Lent comes as a time to refocus on life’s priorities and purpose through self-evaluation and self-discipline. The Lord Jesus fasted at the start of His public ministry to focus on His reason for coming to earth and to fulfill it without distraction. We follow His steps.

This week, we focus attention on a common, yet dangerous attitude that can be costly if not checked: presumption. Presumption in the Christian life is that attitude that makes us set aside the practice of paying diligent attention to God’s standards, and instead, set our own standards as the rule to live by. It is setting up our own scoreboard or score-sheet, and proclaiming liberty for ourselves on the basis of our own parameters. With that done, every other thing is viewed as fanaticism, regardless of how God feels. That way the standard followed by the Lord Jesus and His apostles when they cited: “It is written” or “What does the Scripture say?” is replaced with the age-old ruse, “Did God really (actually or indeed) say?” (Gen. 3:1).

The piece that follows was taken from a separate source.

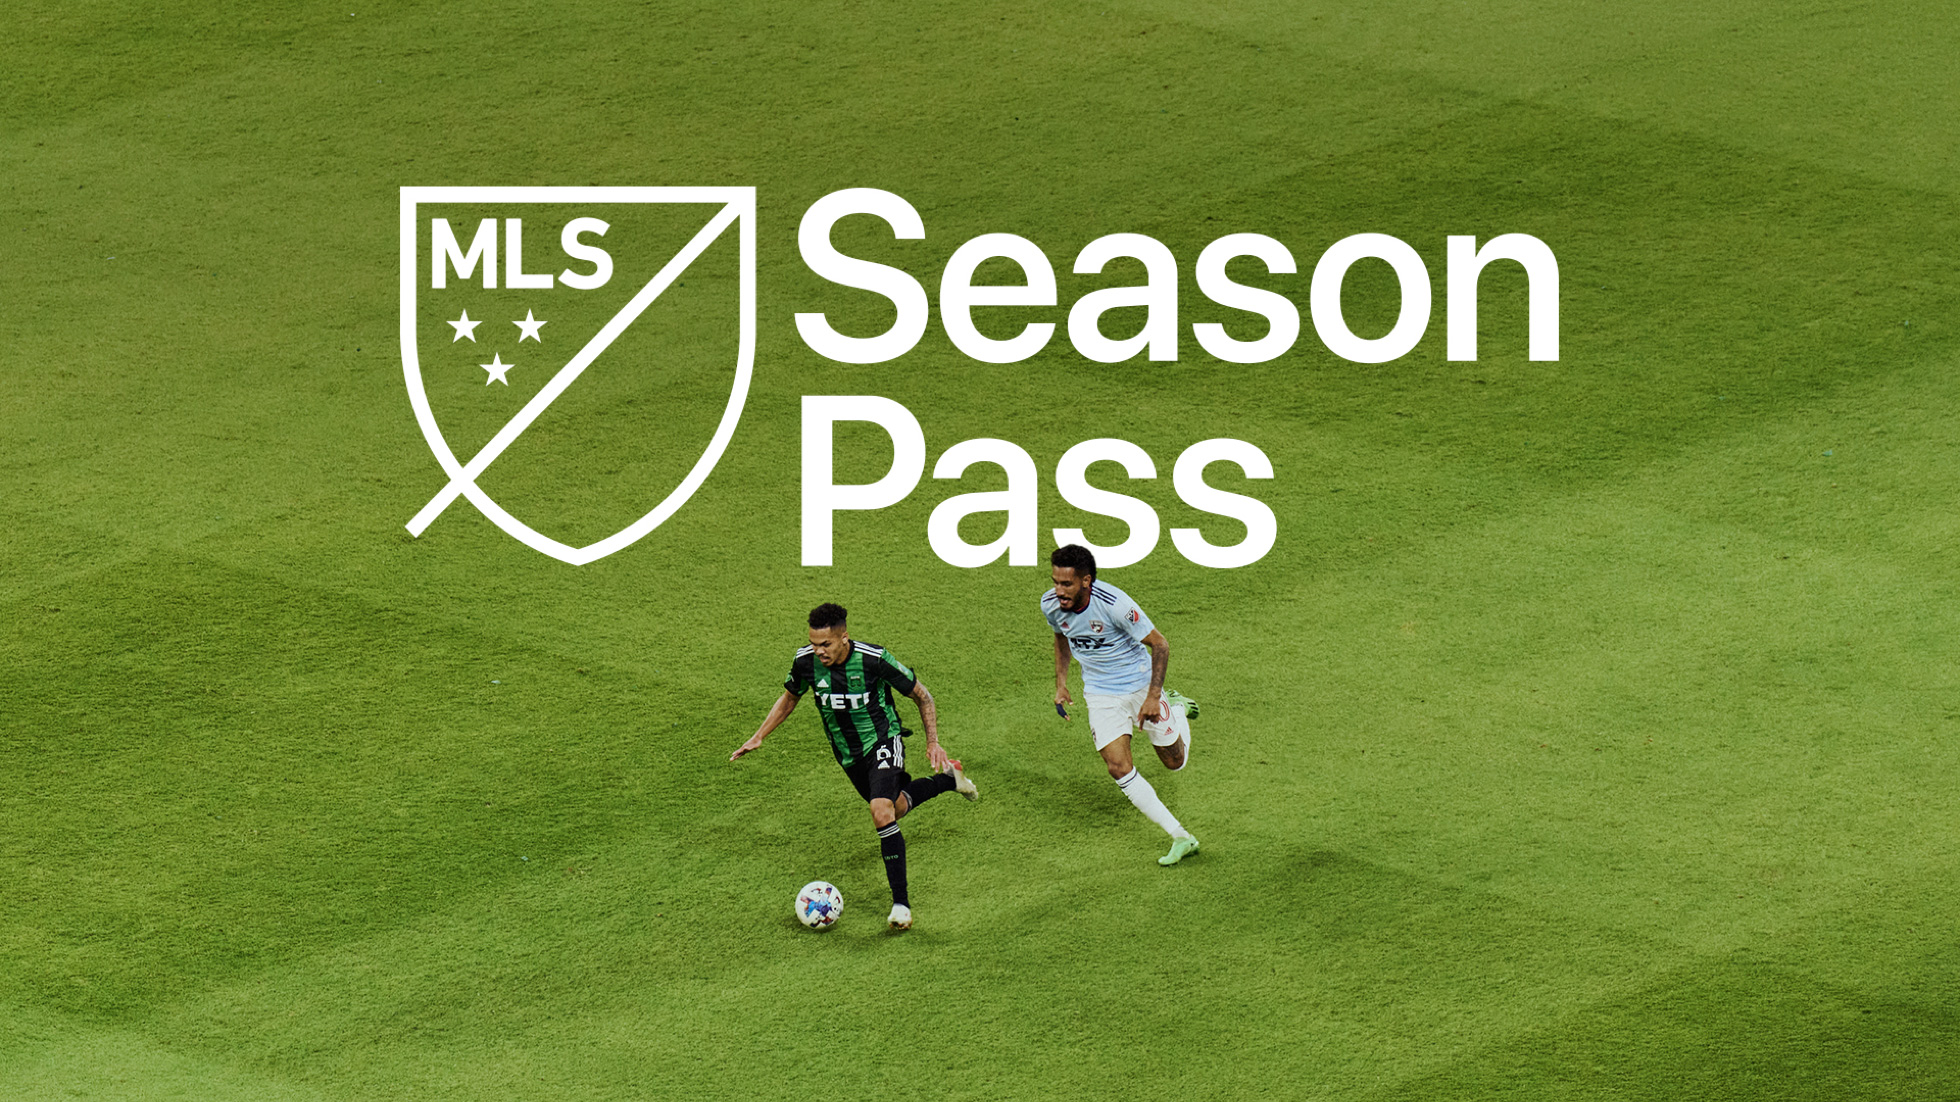 How to get Apple’s MLS Season Pass free from T-Mobile
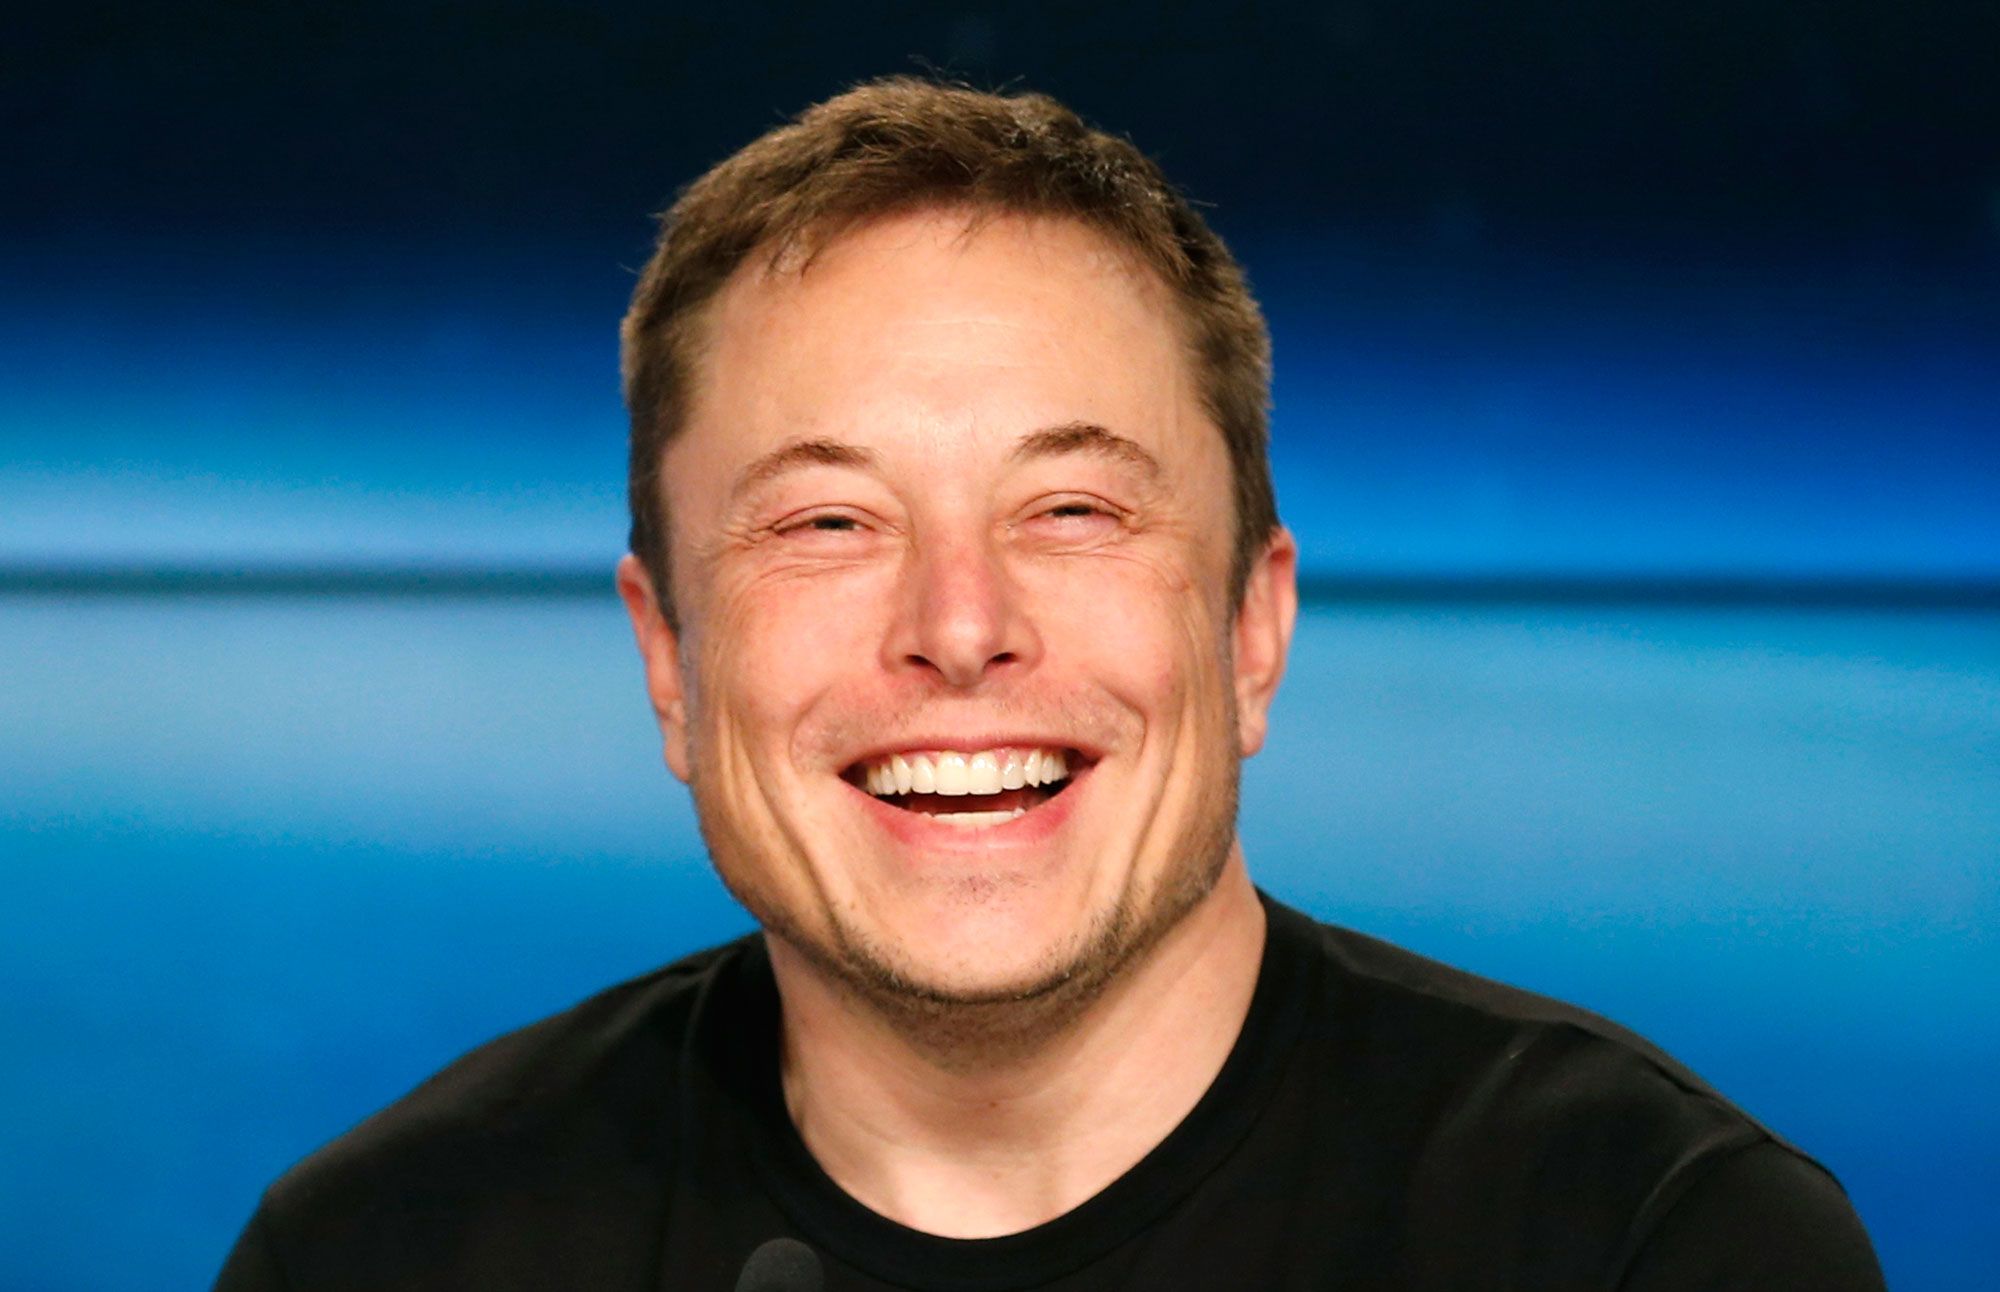 Shorts betting in opposition to Tesla lose greater than $1.Four billion in single day

This query of divine injunction is always the gateway to a spiritual crash. Those who do not recognise that this is a holy ground are on dangerous ground.

Presumption makes us feel at ease when all is not well; presumption makes us pamper what we should be ruthless with; presumption makes us believe poison is not so bad after all; presumption commends lethargy in our devotion to God, which demands reverence. It is the bane of true Christian discipleship that it seeks to set standards for God to endorse. When people who have been raised on sound biblical principles suddenly begin to query their sure foundations in the name of sophistication, before long they will become a ghost of what God wants them to be. Lives that could make great impact for God become wasted in the playgrounds of Satan.

A starting point for dealing with this subtle snare is to ask ourselves during this holy season some critical questions: who is this God who I believe in? Am I worshipping a god of my imagination or the God in the Bible Who made the universe? Prophet Hosea speaks to our hearts: Let us know; let us press on to know the Lord; his going out is sure as the dawn; he will come to us as the showers, as the spring rains that water the earth” (Hosea 6:3)

Lent is a time to bring our convictions under the scrutiny of God’s Word and Spirit, knowing that, “There is a way that seems right to a man, but its end is the way to death” (Proverbs 16:25). We must examine ourselves to see if we need to move away from our presumptions about who/what we love or hate.

• The Most Rev. Emmanuel Egbunu is the Bishop of the Diocese of Lokoja.